**PROBLEM TO WORK ON:** In the listing that follows, print every line exactly and leave the images out.

**DATA BLOCK:**

***

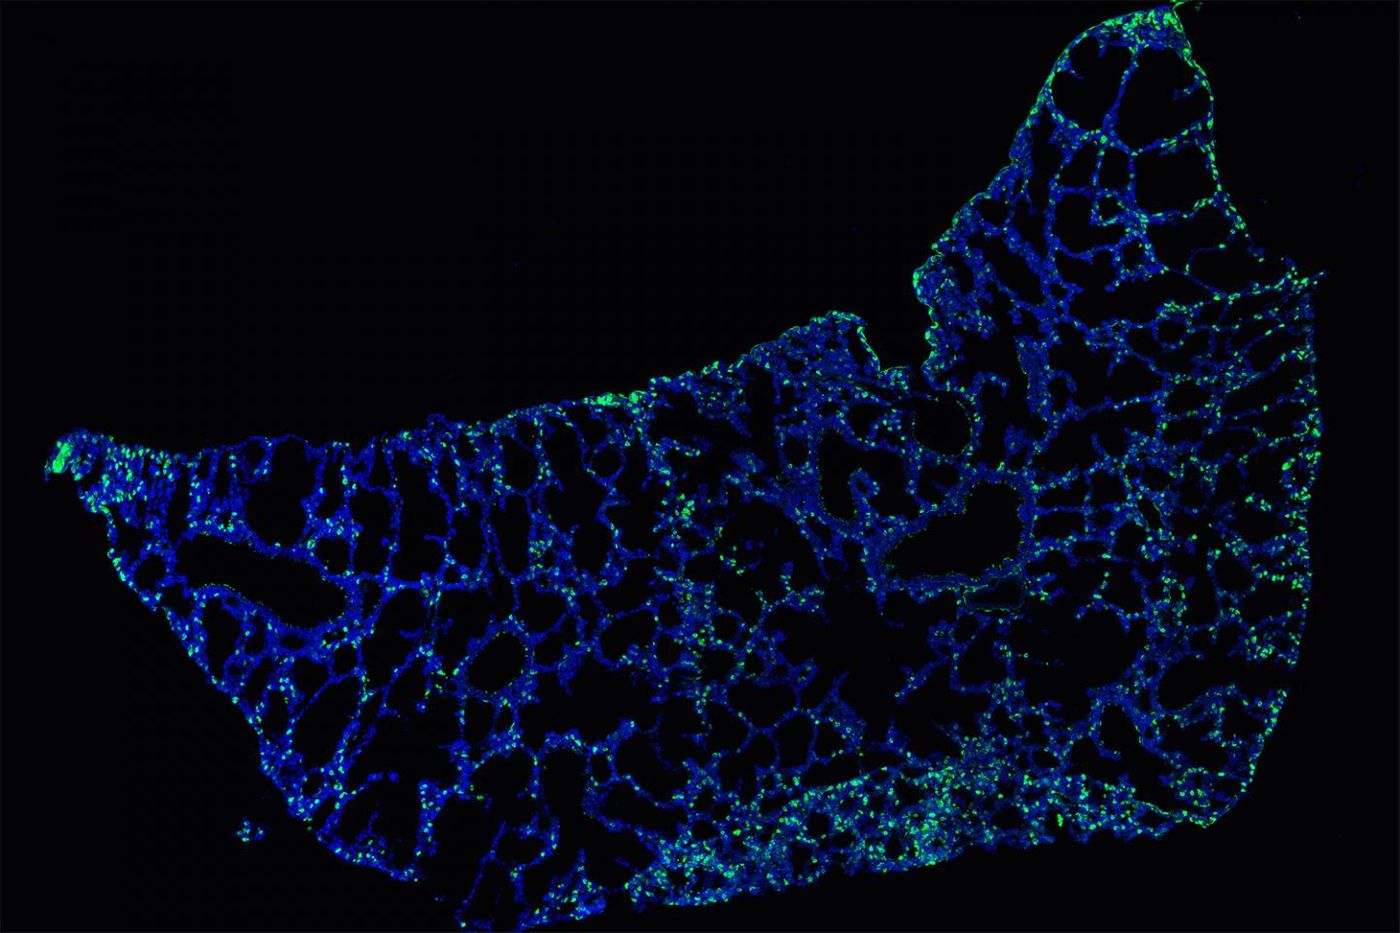 Fluorescent staining of IL-33 in a newborn mouse lung. Source: Seth Scanlon / MRC Laboratory of Molecular Biology, Cambridge
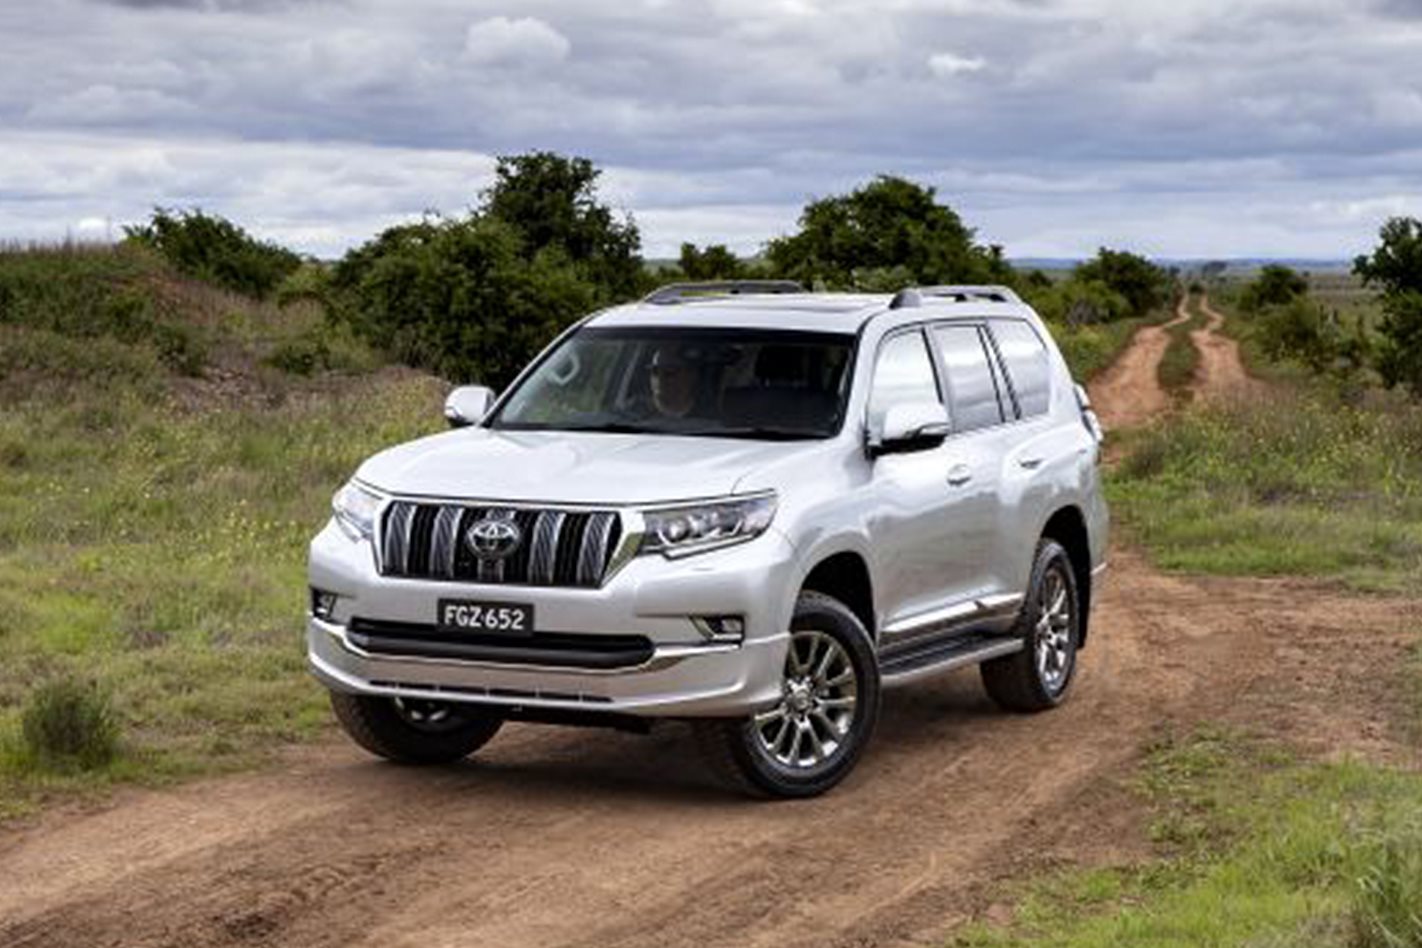 Toyota gives Prado a big power and equipment boost
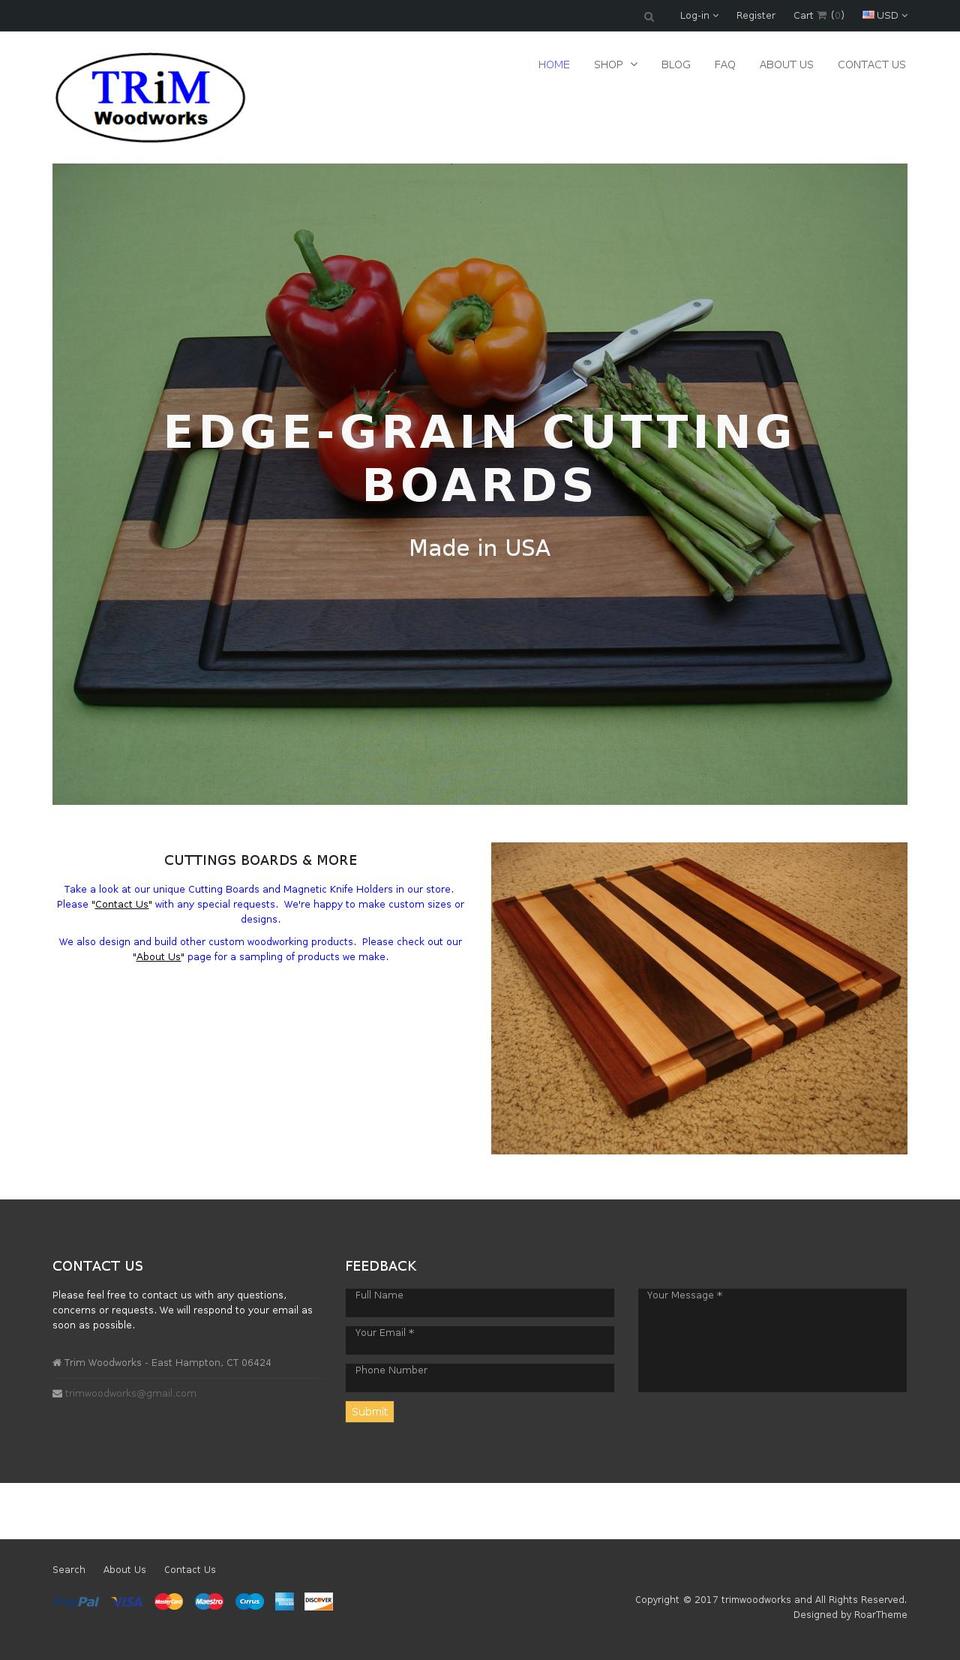 QUEEN Shopify theme site example trimwoodworks.com

***

**REPLY:**
 Fluorescent staining of IL-33 in a newborn mouse lung. Source: Seth Scanlon / MRC Laboratory of Molecular Biology, Cambridge
 Toyota gives Prado a big power and equipment boost
 QUEEN Shopify theme site example trimwoodworks.com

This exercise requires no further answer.